__COLLECTED DATA__:

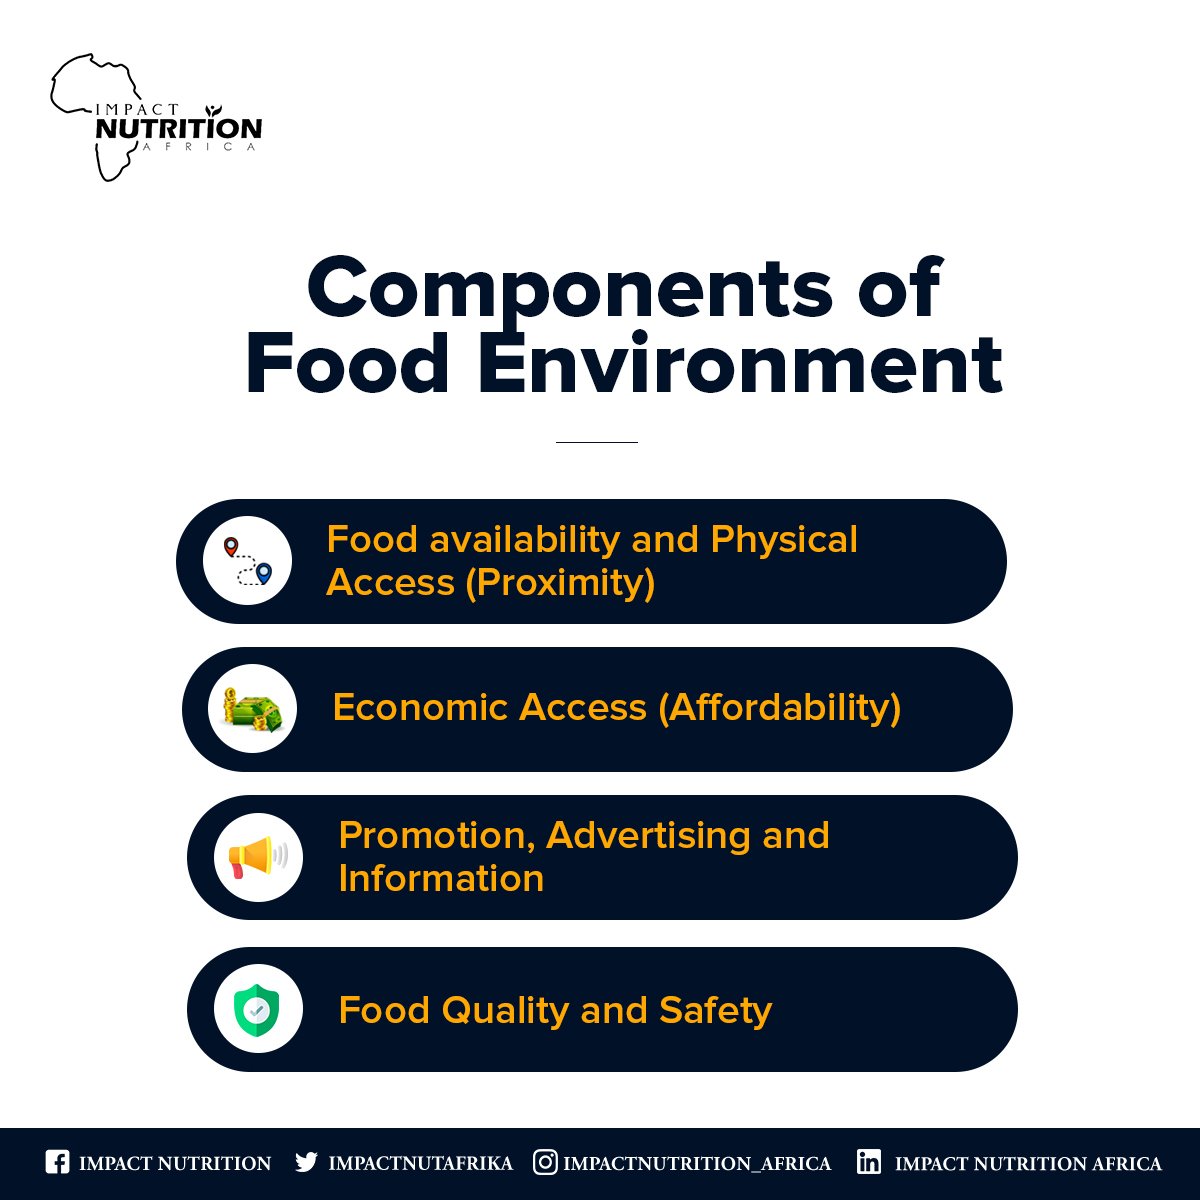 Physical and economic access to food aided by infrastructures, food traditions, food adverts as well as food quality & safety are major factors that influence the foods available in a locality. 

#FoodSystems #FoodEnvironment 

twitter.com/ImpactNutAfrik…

__WHAT YOU NEED TO DO__: Set out the material once more, exact in every line, with no images.

__OUTPUT FOR THIS EXERCISE__:
 Physical and economic access to food aided by infrastructures, food traditions, food adverts as well as food quality & safety are major factors that influence the foods available in a locality. 

#FoodSystems #FoodEnvironment 

twitter.com/ImpactNutAfrik…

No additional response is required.